Старый прокурор злобно огрызнулся.

— Как зачем?.. А убийцу поймать надо?.. Чтобы правосудие восторжествовало!.. Вы как полагаете?.. Ведь Степка единственным свидетелем был, а были подозрения, что убийца из того же села и Степке известен должен быть. Следовательно?

Веригин замолчал, но прокурор еще долго и ехидно ждал ответа.

— Да. Так вот… Мамке, говорит, голову как отрезал, голова-то покатилась, а мамка без головы, на четвереньках, как жаба, по хате прыг, прыг. А кровь из дыры так и рвет… Я спужалея мамки да на печь, а Танька на лавке привалилась и молчит… А потом, смотрю, он на Таньку навалился… Мне ее и не видать вовсе… А потом Танька как взвоет, а он кричит: «Молчи, убью». Да и зачал Таньку ножом!.. А я в те поры на стену прыгаю, головой об стену стучу да кричу… Мамка без головы лежит, а голова из-под стола смотрит… на меня!

И в это время, понимаете, как закричит, да в самом деле назад, на стену… Кое-как его удержали. Он все рвался, кричал и руки целовал и кусал в одно и то же время…

Убийцу, конечно, поймали. Месяца через три я был уже назначен товарищем прокурора, и как раз пришлось мне присутствовать при казни этого самого убийцы… У нас тогда было военное положение.

Я не буду описывать свои ощущения, когда узнал о назначении на место казни… Тяжело, стыдно, страшно и почему-то холодно, вот и все, что можно сказать.

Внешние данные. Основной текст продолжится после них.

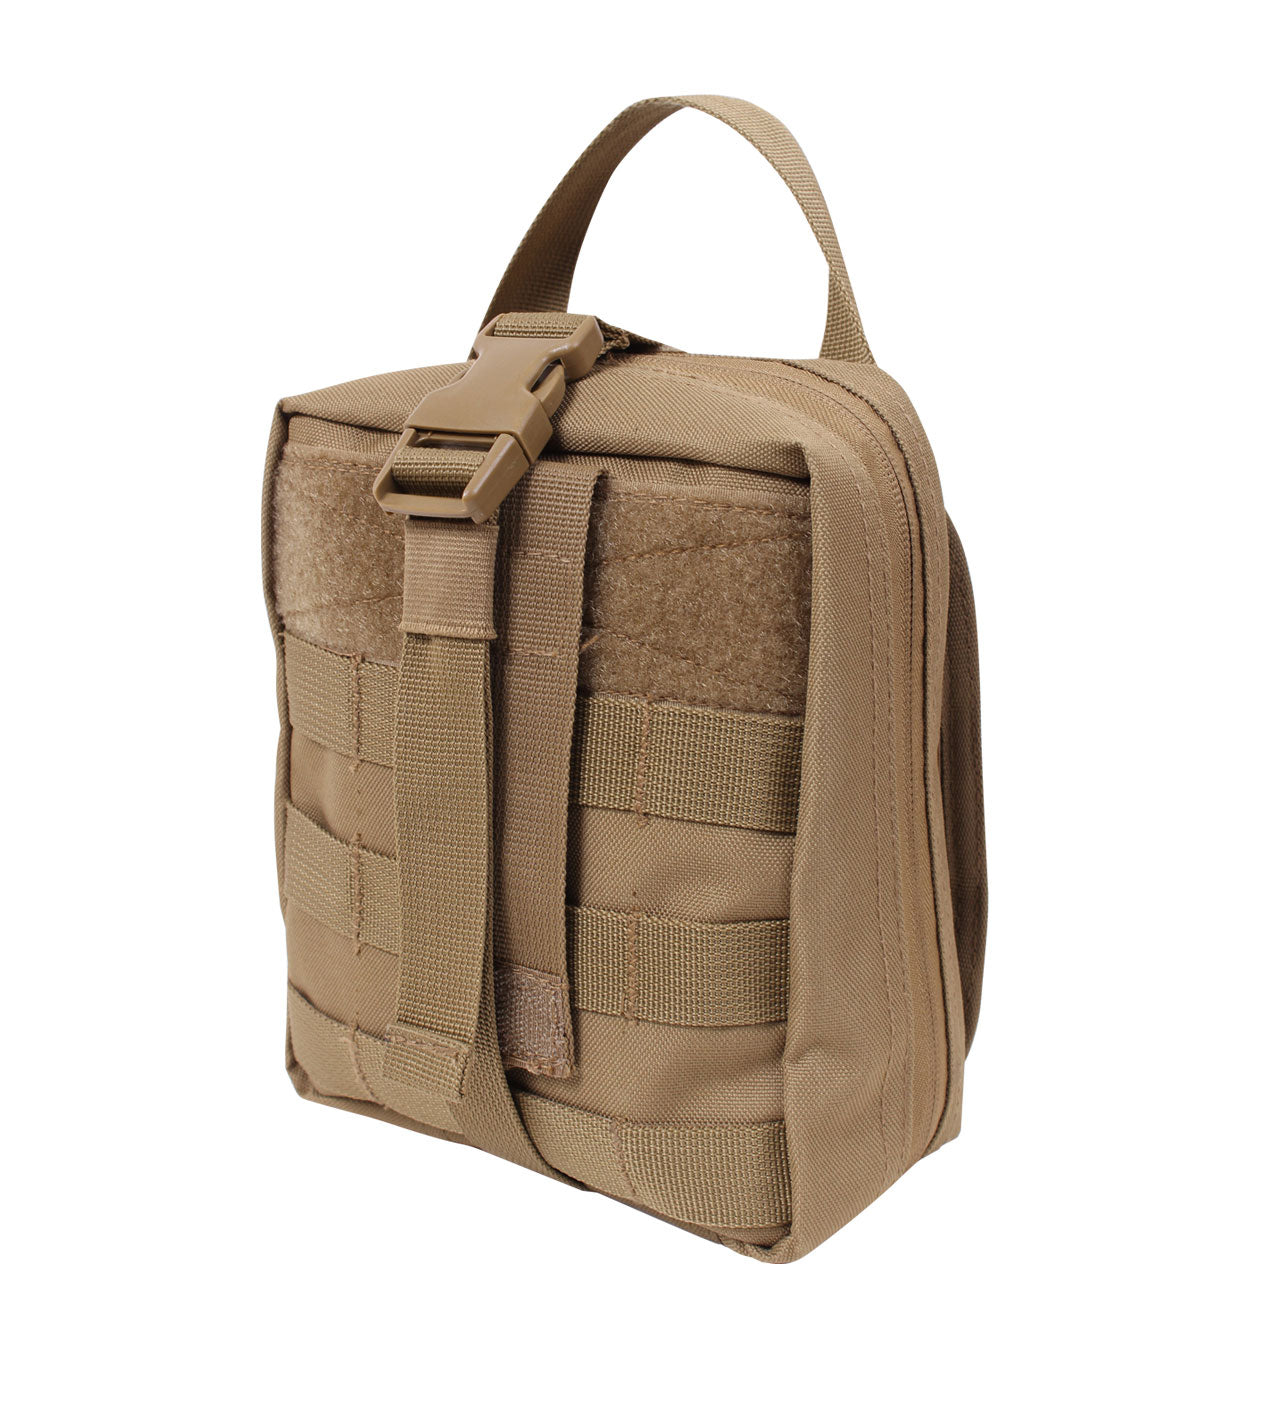 Rothco Tactical Breakaway First Aid Kit

Но при всем том могу вам сказать, что если бы этот самый убийца попался мне там, в хате, или хотя бы на другой день, я бы его убил на месте, как собаку!.. И, может быть, даже так же зверски, как он сам!.. Я знал потом, что его уже нашли, что его приговорили к смертной казни, и когда приходилось говорить об этом среди знакомых, а говорить приходилось много, потому что это была первая казнь в нашем городе, то я всегда, несмотря на охи и протесты молодежи, даже с каким-то сладострастием повторял: «Так ему подлецу и надо! Я б его четвертовал, а не то что повесил!»

И ведь действительно!.. Ну, скажите, на кой черт надо было щадить его? Кому было нужно, чтобы не умирал, а остался жить сущий зверь, готовый за копейку, для удовлетворения малейшего инстинкта на всякое злодейство, на всякую грязь, на все!.. Вы скажете — каторга?.. Да разве каторга кого-нибудь исправляла?.. Нет!.. Так что же за смысл, чтобы эта гадость сидела в каком-нибудь закрытом помещении, а сотни народа его кормили, одевали и сторожили?.. В существовании его ровно никому ничего приятного не было, а гадости и грязи с ним было сколько угодно!.. И логика стояла за то, чтобы его вычеркнули!.. И думаю, что если бы я его, поймав, так сказать, на месте преступления, убил, то ни раскаяния, ни даже особого нравственного потрясения не испытал бы!.. Даже, напротив, испытал бы чувство удовлетворения, ибо дал бы широкий исход той злобе и отвращению, которые он во мне возбудил своим безудержным омерзительным зверством.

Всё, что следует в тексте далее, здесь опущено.